The answer is yes. We are seeing patients. Most patients are going on a set of therapy, Kristen, because they've had complications and they have other comorbidities. And their success on standard IG is less than optimized. So clinicians are switching these primary immune deficient patients, secondary immune deficient patients off of their standard IG onto a set of therapy, which is labeled indicated use. And we're seeing patients remaining on therapy for a long period of time. A couple of patients that we have on therapy are in their second year. Typically, in this patient population, if you do well on a drug, you tend to stay on that drug. And we're starting to see that and we believe that the business that we're building is certainly sticky. We're seeing very, very consistent utilization amongst existing prescribers and existing patients. And we are seeing growth again at the same institutions and we're adding new institutions all the time. We feel very, very proud of what we're doing here. And I was just traveling around a little bit now that the world is opening up a couple of regional medical meetings and meeting with some of our KOLs. And I can tell you that the message out there is one of that we're making a product that's truly, truly differentiated in the eyes of a number of prescribers, and that it's making a difference in the quality of life and outcomes for patients. So while I can't quantify that, specifically, today, I can tell you that we have a problem with their PI patient on another IVIG. We now have something where they can try, and that's not just increasing the amount of IG or increasing the frequency. They now have a product that's manufactured with a plasma pool that's derived from donors that are tested to have sufficient levels of RSV antibodies. And we've shown in the public domain, in our papers and in our patents that these donors have high titers to a panel of other respiratory viral pathogens. And we feel that we're offering a differentiated opportunity to the doctors to provide for their patients. And we feel very, very good that the demand trends are going to continue to hold and that we're going to see accelerated pull-through as the battery of publications on patient outcomes continues to enter into the scientific domain.

Speaker 5

Okay. And do you have a general sense of ballpark what percent of the IVIG market kind of fits into this bucket of either having complications with IG or they have these other comorbidities or they simply just don't respond well?

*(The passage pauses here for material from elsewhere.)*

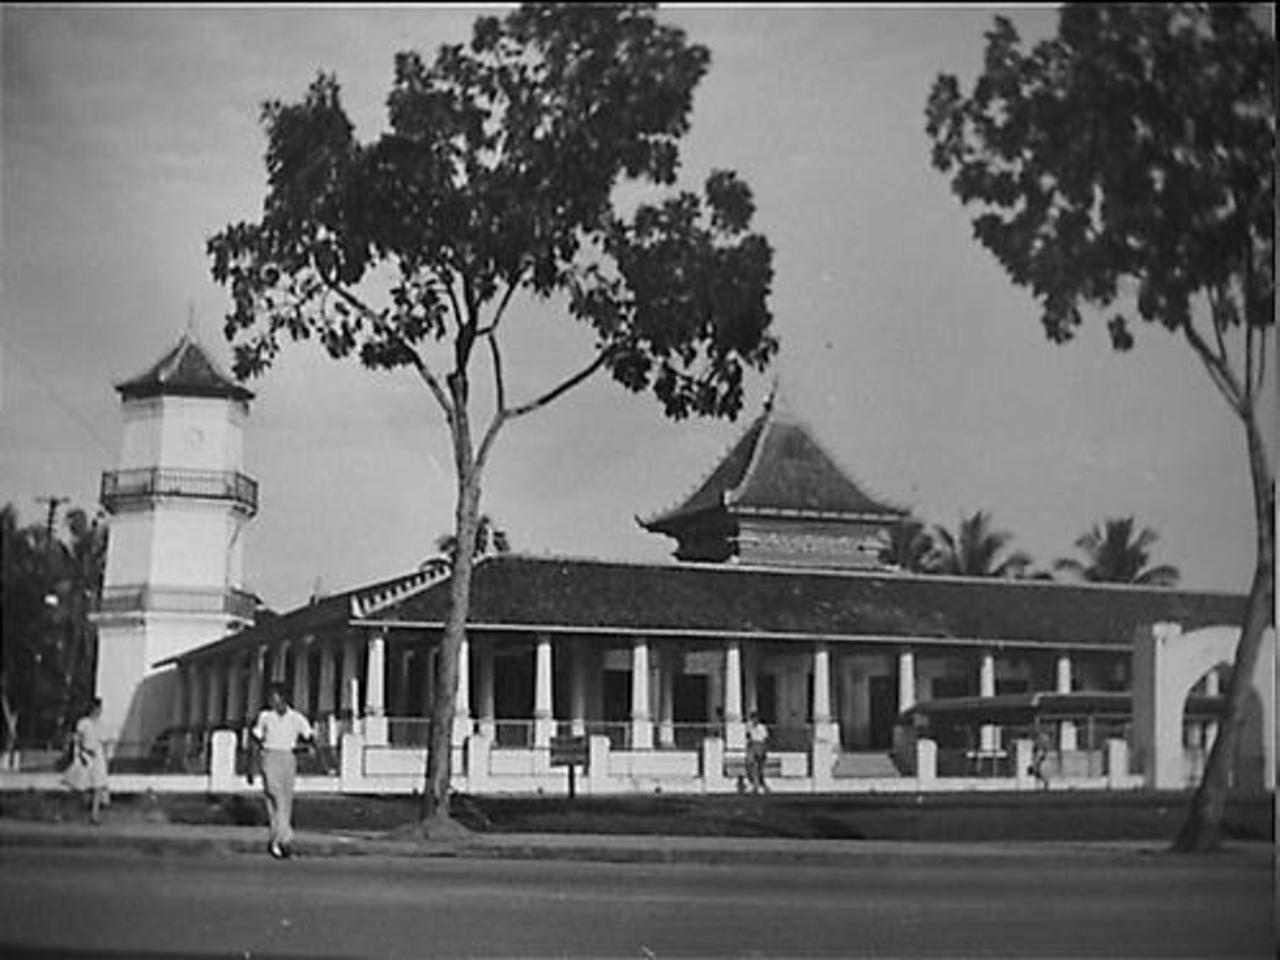 Palembang Seketsa Masjid Sultan Agung 1946 1950 Mahmud Badaruddin Kota

In the population of primary immune deficiency patients, we estimate that around 30% of the immunoglobulin market is represented by this group. Typically, about 100 million grams are used annually, which translates to approximately 30 million grams for those with primary and secondary immune deficiencies. Our internal models suggest there are roughly 150,000 primary immune deficiency patients, with about 10% to 20% classified as higher risk due to comorbidities, chronic lung conditions, and persistent infections requiring prolonged antibiotic use. Focusing on this subset, we identify our target market to be between 15,000 to 30,000 patients. Given the dosing of immunoglobulin and the utilization of incentives, even a modest penetration in this market could yield significant revenue for the company and enhance profitability.

Speaker 5

Great. Thank you.

Operator

There are no further questions. I'd like to turn the call back over to Adam Grossman for any closing remarks.

Sure. Thank you everybody for your attention and time. Sorry for the technical difficulties, and we appreciate your continued support in allowing us to make good products to help these immune-compromised patients. Have a great afternoon.

Operator

This concludes the program. Have a great day.